» **EXERCISE DESCRIPTION**: Once the pictures are set aside, transcribe each line of the data exactly.

» **DATA EXCERPT**:
------------------------

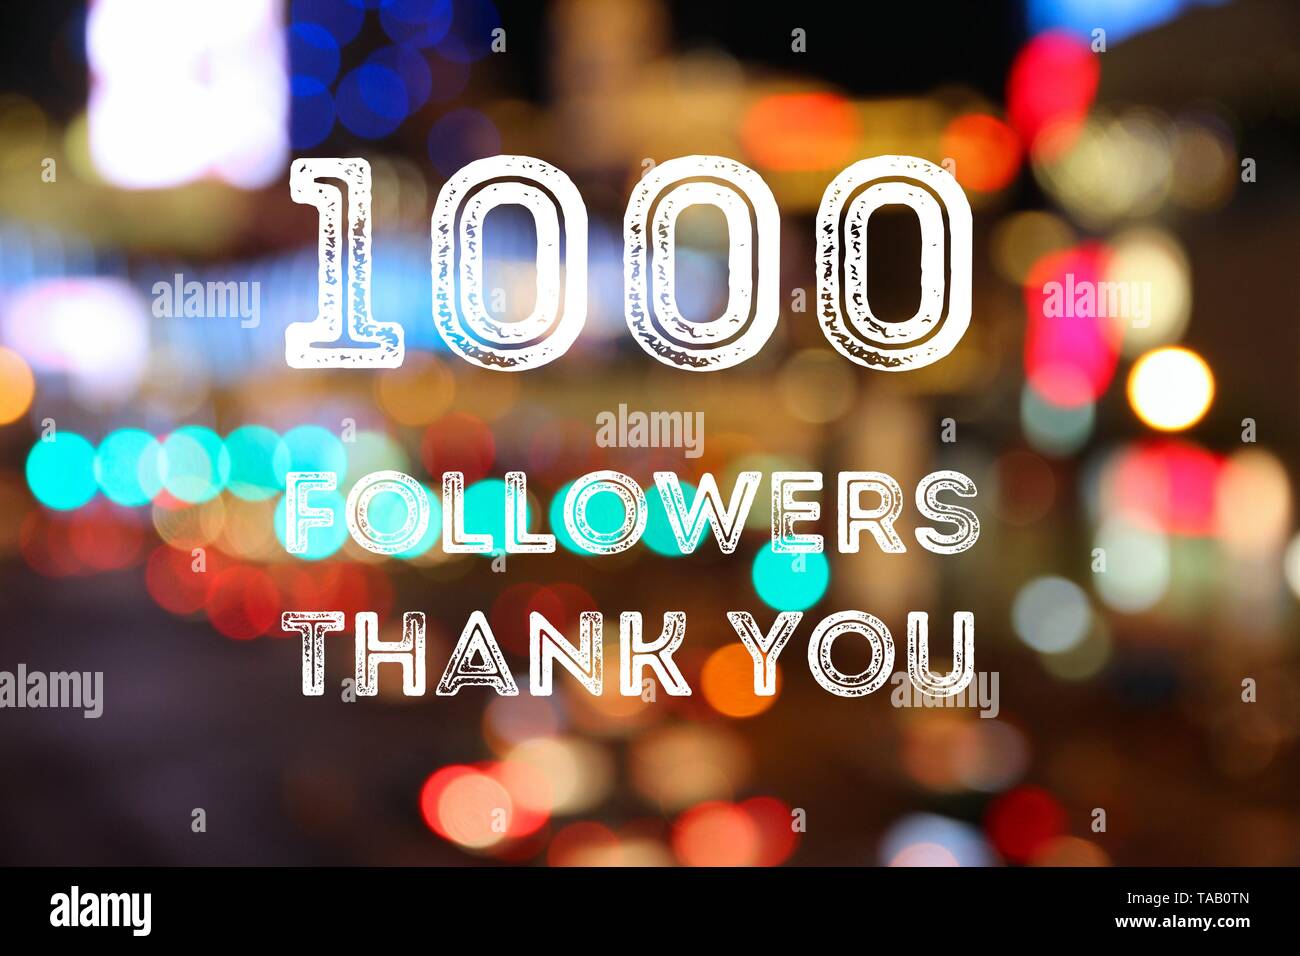 1000 followers - social media milestone achievement. Online community thank you note. 1000 likes. Stock Photo
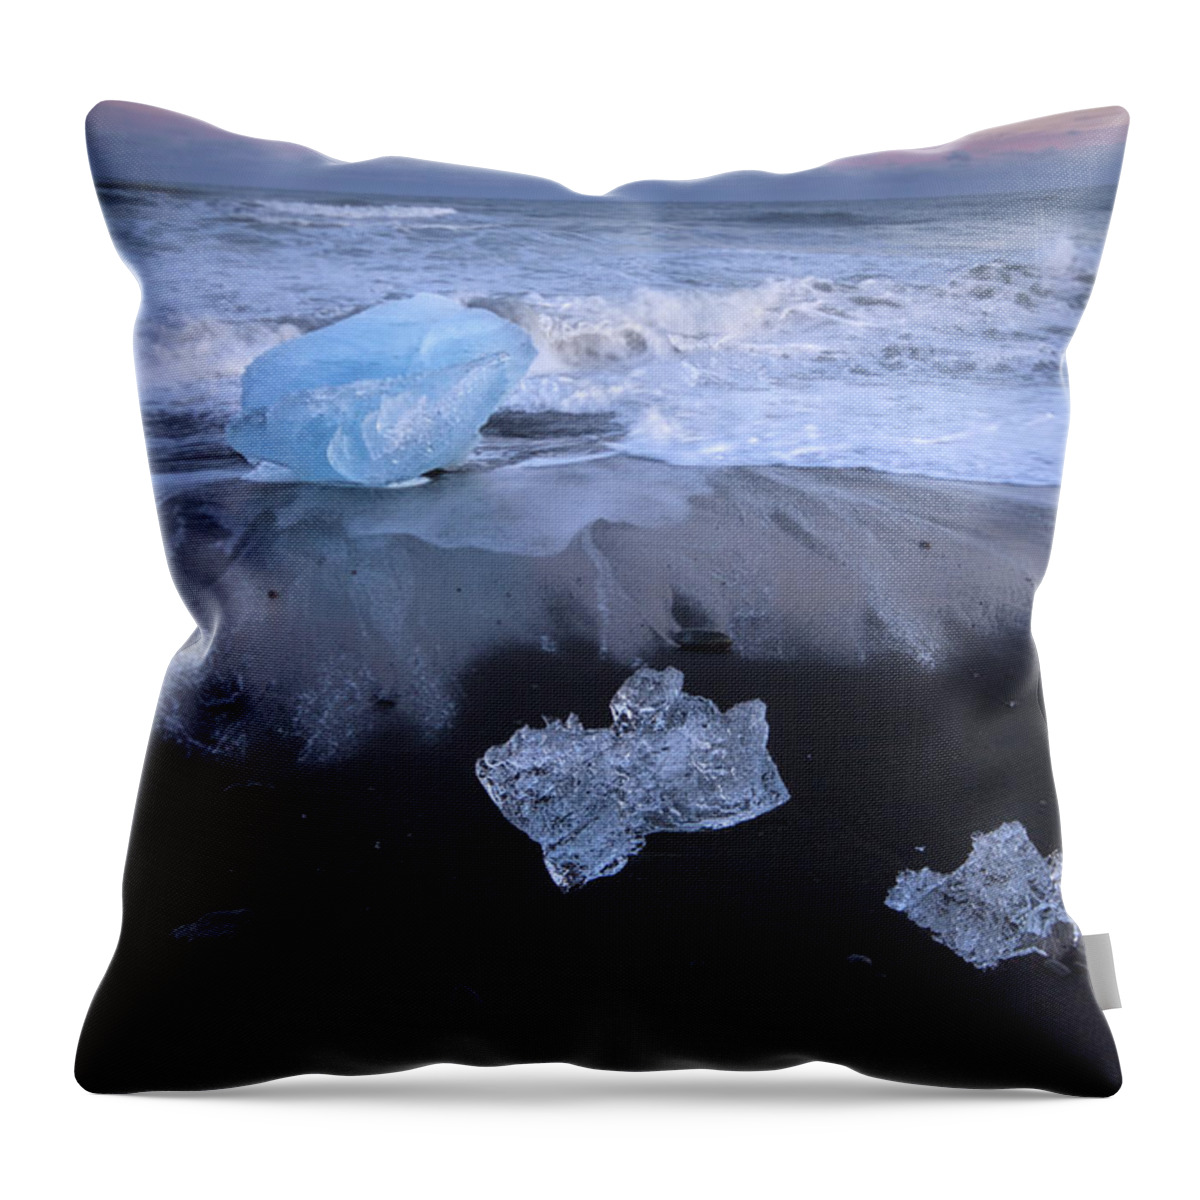 Jokulsarlon Throw Pillow featuring the photograph Jewell Of The Sea by Evelina Kremsdorf
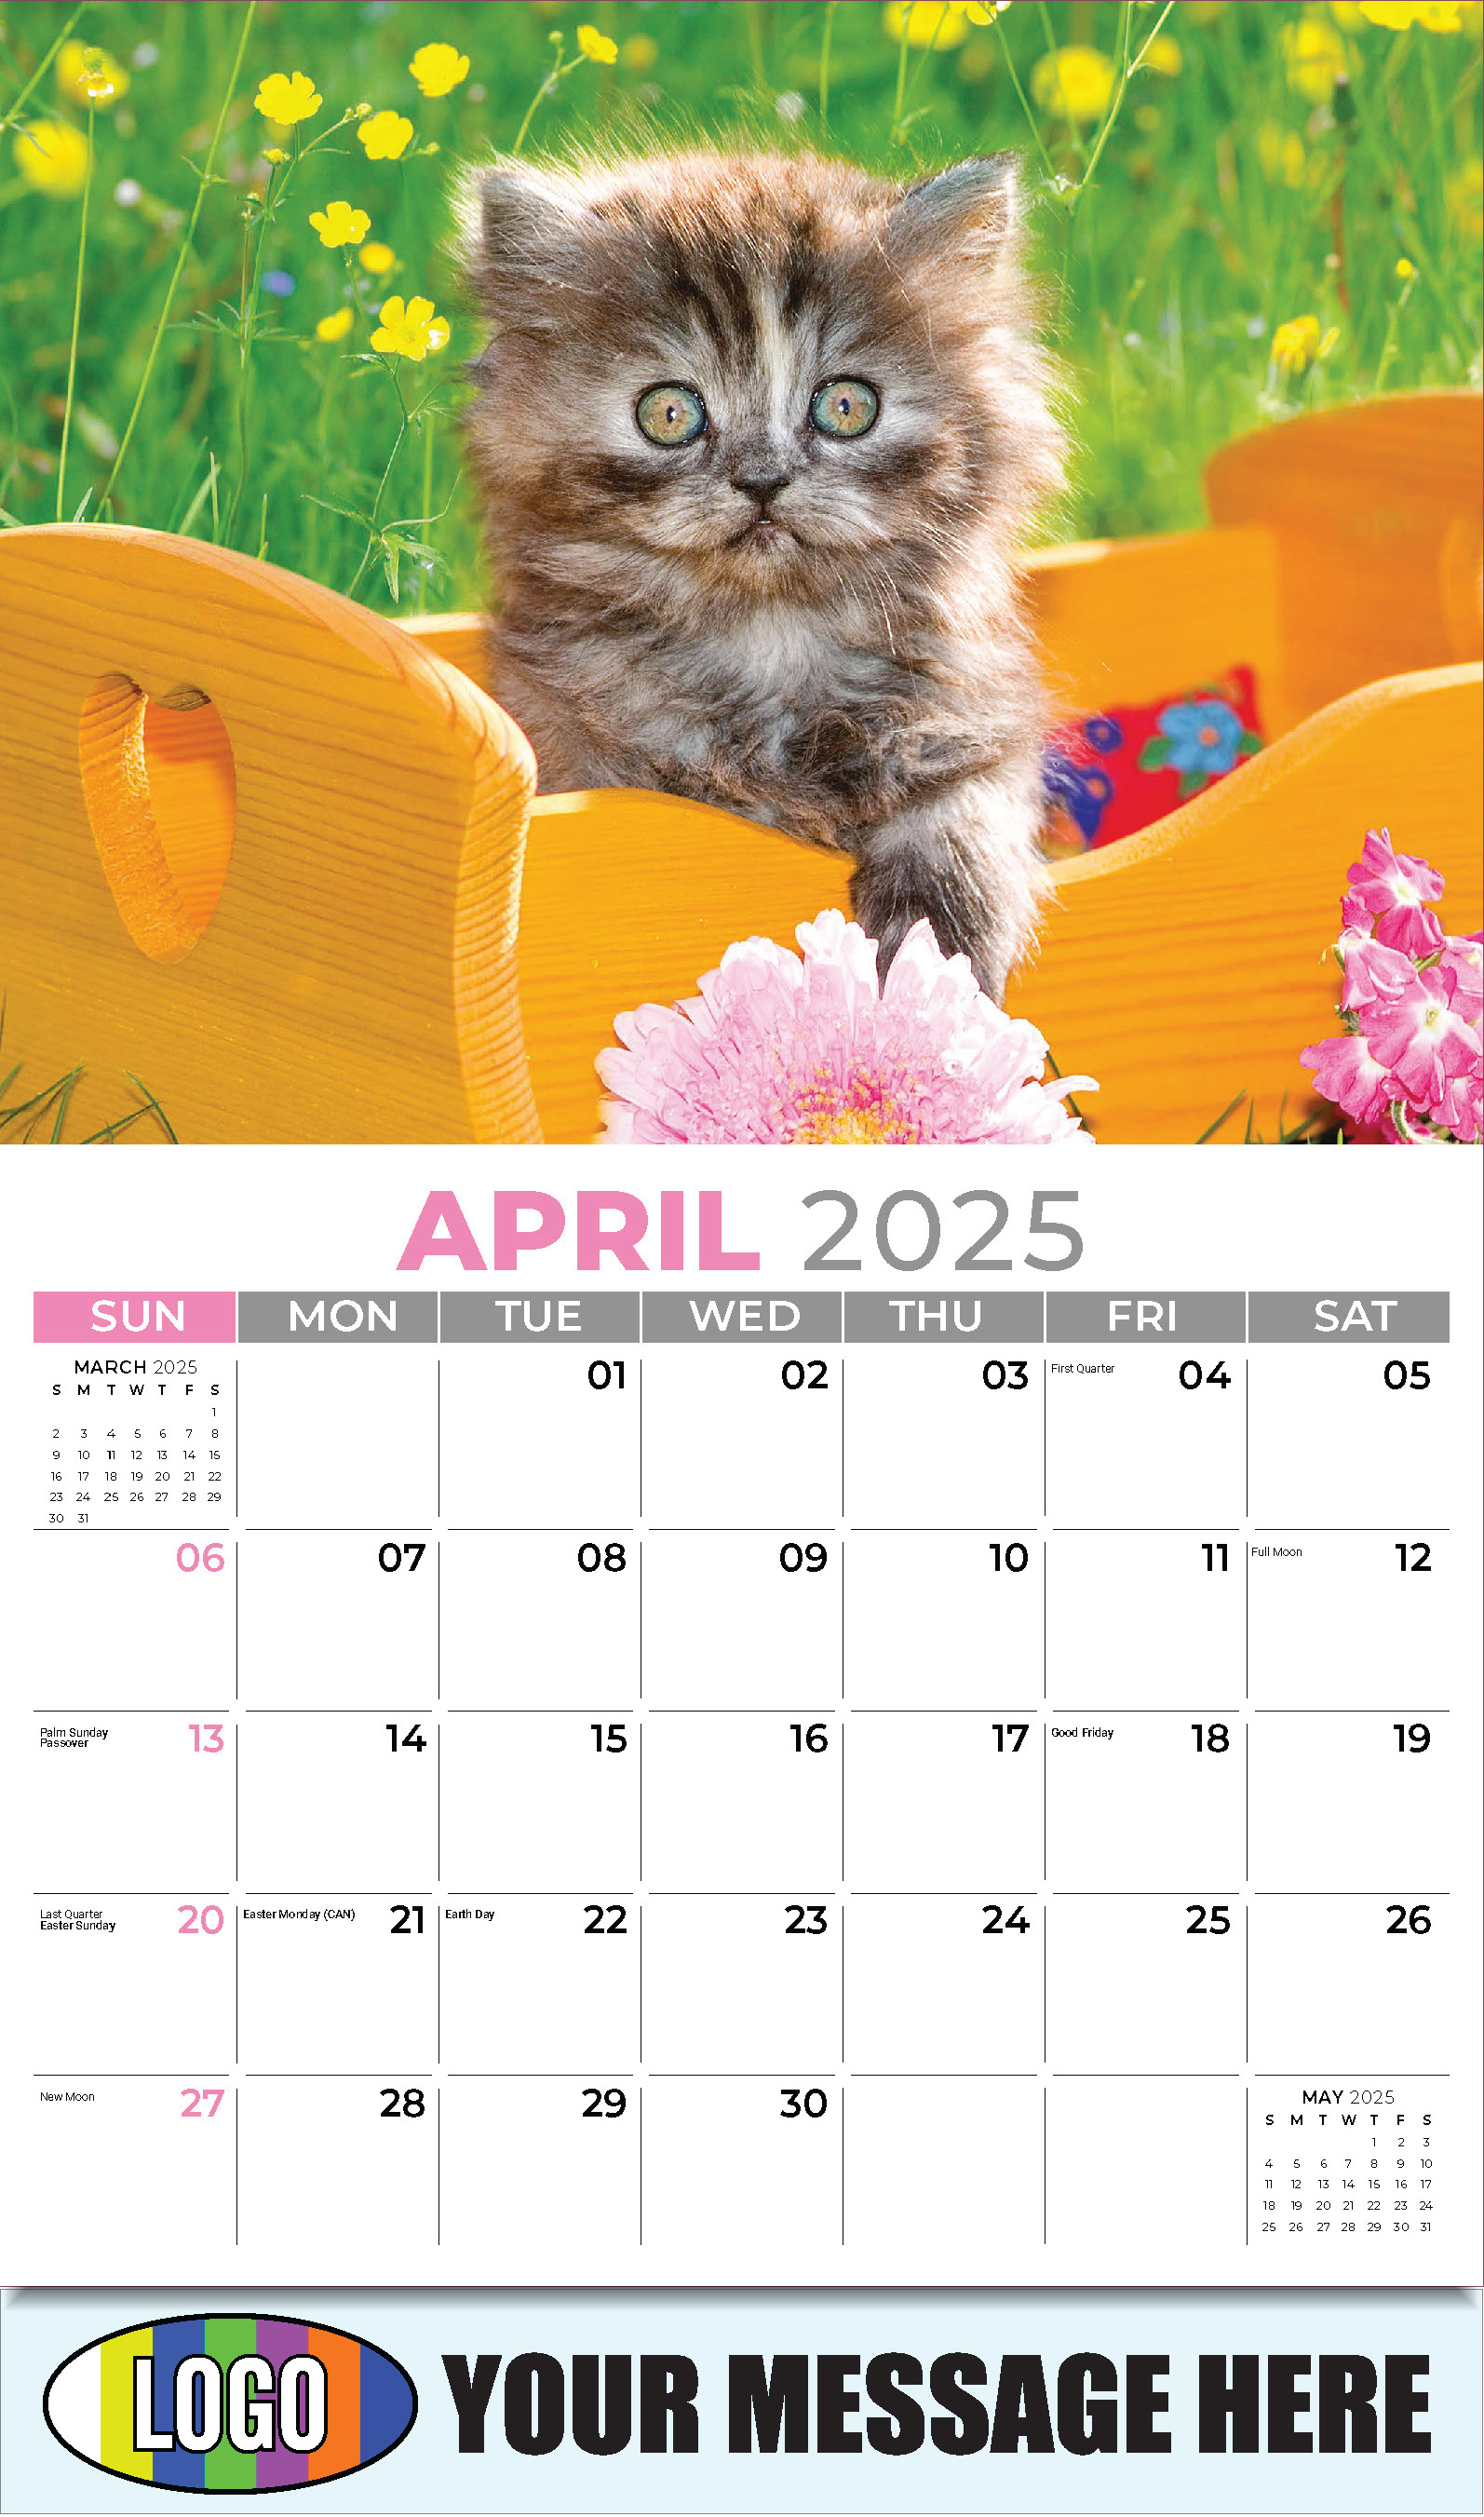 Kittens 2025 Business Promo Wall Calendar - April

------------------------

» **EXERCISE RESPONSE**:
 1000 followers - social media milestone achievement. Online community thank you note. 1000 likes. Stock Photo
 Jokulsarlon Throw Pillow featuring the photograph Jewell Of The Sea by Evelina Kremsdorf
 Kittens 2025 Business Promo Wall Calendar - April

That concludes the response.